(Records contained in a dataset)
* * * * * * *
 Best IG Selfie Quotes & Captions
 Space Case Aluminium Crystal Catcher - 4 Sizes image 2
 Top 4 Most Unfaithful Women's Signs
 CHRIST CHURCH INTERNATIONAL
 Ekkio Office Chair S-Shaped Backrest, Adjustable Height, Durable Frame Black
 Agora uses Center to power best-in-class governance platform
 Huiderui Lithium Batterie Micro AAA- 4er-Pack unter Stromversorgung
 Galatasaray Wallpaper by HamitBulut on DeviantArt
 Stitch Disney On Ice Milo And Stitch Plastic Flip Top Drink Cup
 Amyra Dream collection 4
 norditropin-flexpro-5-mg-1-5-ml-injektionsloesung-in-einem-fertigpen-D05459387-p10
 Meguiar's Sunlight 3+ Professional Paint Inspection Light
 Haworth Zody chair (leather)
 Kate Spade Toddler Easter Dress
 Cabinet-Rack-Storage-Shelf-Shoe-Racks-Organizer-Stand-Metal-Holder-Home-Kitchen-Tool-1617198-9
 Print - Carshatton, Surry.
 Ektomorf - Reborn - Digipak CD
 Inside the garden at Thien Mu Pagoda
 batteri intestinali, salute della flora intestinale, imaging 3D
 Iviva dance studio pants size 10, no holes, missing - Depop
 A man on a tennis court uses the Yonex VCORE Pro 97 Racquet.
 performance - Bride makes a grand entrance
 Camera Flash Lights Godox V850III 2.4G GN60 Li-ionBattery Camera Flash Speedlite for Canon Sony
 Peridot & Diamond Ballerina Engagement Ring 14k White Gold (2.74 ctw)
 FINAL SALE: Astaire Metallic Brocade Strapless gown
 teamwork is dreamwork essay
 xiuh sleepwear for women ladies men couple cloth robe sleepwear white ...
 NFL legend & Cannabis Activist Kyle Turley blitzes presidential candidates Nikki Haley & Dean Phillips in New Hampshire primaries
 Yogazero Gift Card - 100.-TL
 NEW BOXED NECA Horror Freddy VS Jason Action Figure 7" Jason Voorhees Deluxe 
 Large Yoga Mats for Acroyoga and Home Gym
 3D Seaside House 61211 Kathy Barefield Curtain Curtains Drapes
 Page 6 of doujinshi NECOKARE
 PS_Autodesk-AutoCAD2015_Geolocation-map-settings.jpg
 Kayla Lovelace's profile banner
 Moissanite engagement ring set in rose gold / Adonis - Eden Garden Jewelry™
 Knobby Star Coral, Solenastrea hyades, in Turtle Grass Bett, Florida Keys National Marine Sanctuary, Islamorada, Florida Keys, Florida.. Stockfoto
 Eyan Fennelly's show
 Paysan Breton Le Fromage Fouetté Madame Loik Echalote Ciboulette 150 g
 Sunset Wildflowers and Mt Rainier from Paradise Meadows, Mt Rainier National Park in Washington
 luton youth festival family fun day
* * * * * * *
== AIM OF THE EXERCISE ==
Copy out all lines above holding "Home".

== EXERCISE OUTPUT ==
 Cabinet-Rack-Storage-Shelf-Shoe-Racks-Organizer-Stand-Metal-Holder-Home-Kitchen-Tool-1617198-9
 Large Yoga Mats for Acroyoga and Home Gym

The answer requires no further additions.